Don, you literally made me tear up. I didn't even notice that, but you're right. At least the other guy "appears" to be springing into action (or maybe bailing out?







).

The wife and I are still cracking up... thanks for that.


----------



## youngdon (Mar 10, 2010)

... I was laughing at it myself. There should be a bubble over his head saying something like " whew glad that's not me".


----------



## Mattuk (Oct 16, 2010)

Its India they aren't allowed to think for their selves!


----------



## Mattuk (Oct 16, 2010)

http://uk.news.yahoo.com/footage-emerges-of-leopard-mauling.html

Its not very good but it does show the power and speed of a leopard.


----------



## youngdon (Mar 10, 2010)

I wonder if they have added onto the top of that wall yet ?


----------



## On a call (Mar 3, 2010)

Are those cat prof helmets ?? Or did they just get back from a ride ?


----------



## On a call (Mar 3, 2010)

Shoot first then ask...should I have ?


----------



## youngdon (Mar 10, 2010)

_I think that they are police and ride motorcycles_ they probably can't take them off or someone will steal them... not to mention it wards off blows to the head from wild animals.


----------



## On a call (Mar 3, 2010)

Yes I guessed , but they do not match ?


----------



## El Gato Loco (Jan 15, 2010)

youngdon said:


> ... I was laughing at it myself. There should be a bubble over his head saying something like " whew glad that's not me".
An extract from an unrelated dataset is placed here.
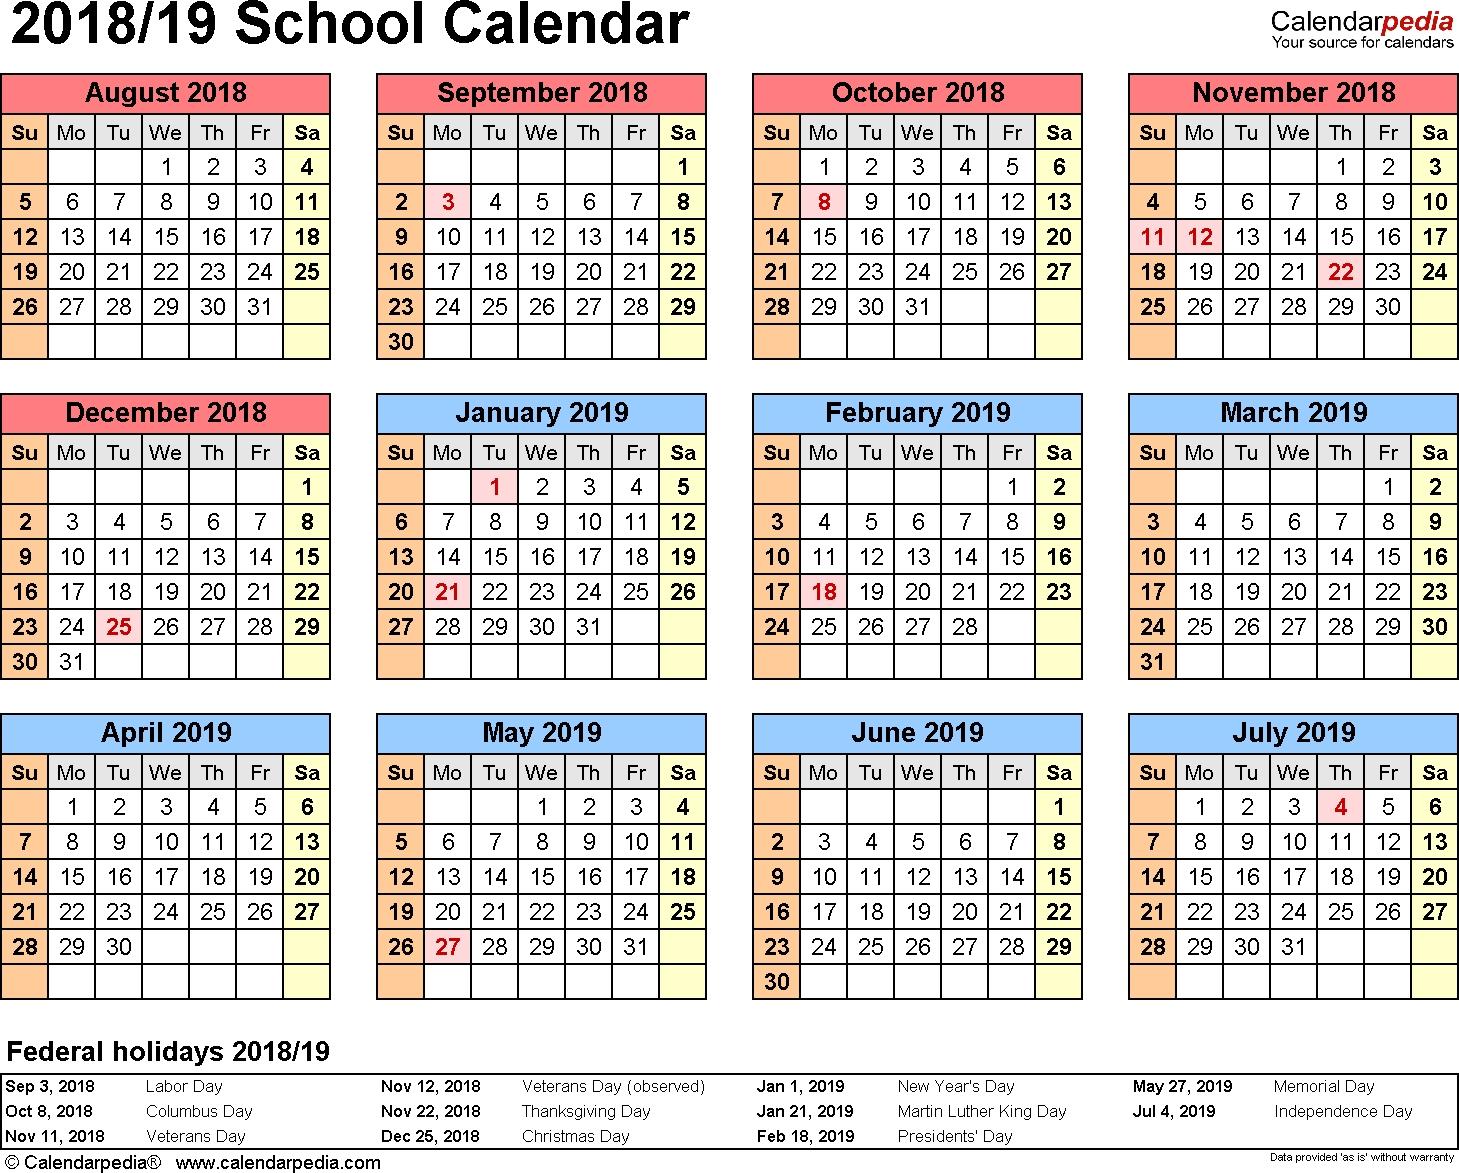 School Calendars 2018/2019 As Free Printable Word Templates-School Calendar Blank At A Glance
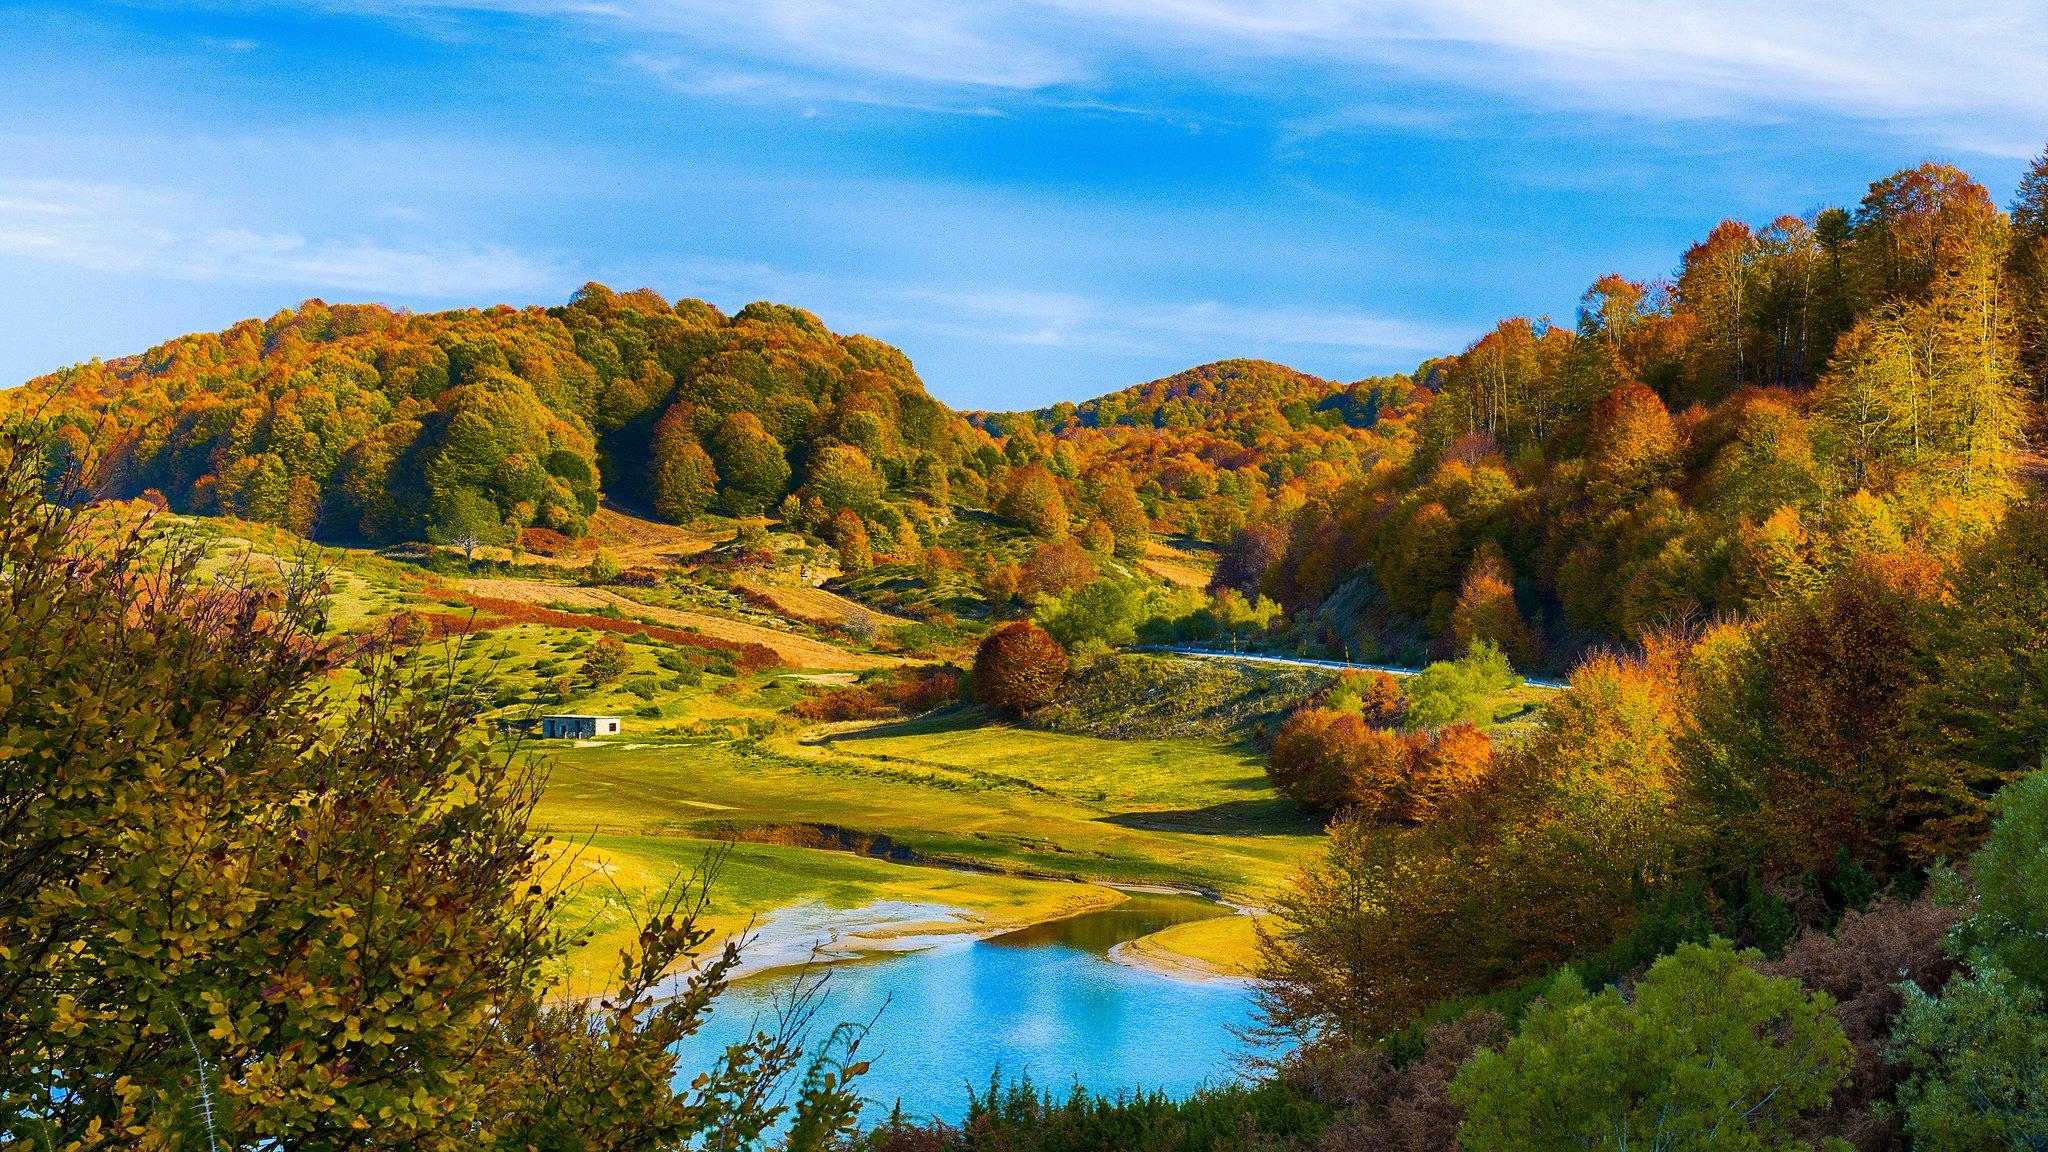 Autumn Colors Forest Hills Lake Autumn Wallpaper 2048x1152 247265

Will this work? I am still cracking up over these pictures.









I'm wondering if he's not on a union break?


----------



## Mattuk (Oct 16, 2010)

Very good Chris!


----------



## bones44 (Jan 7, 2011)

That's hilarious !! The other guy is holding on for dear life and sure as hell not gonna help either.


----------



## youngdon (Mar 10, 2010)

Good stuff Thanks Chris.


----------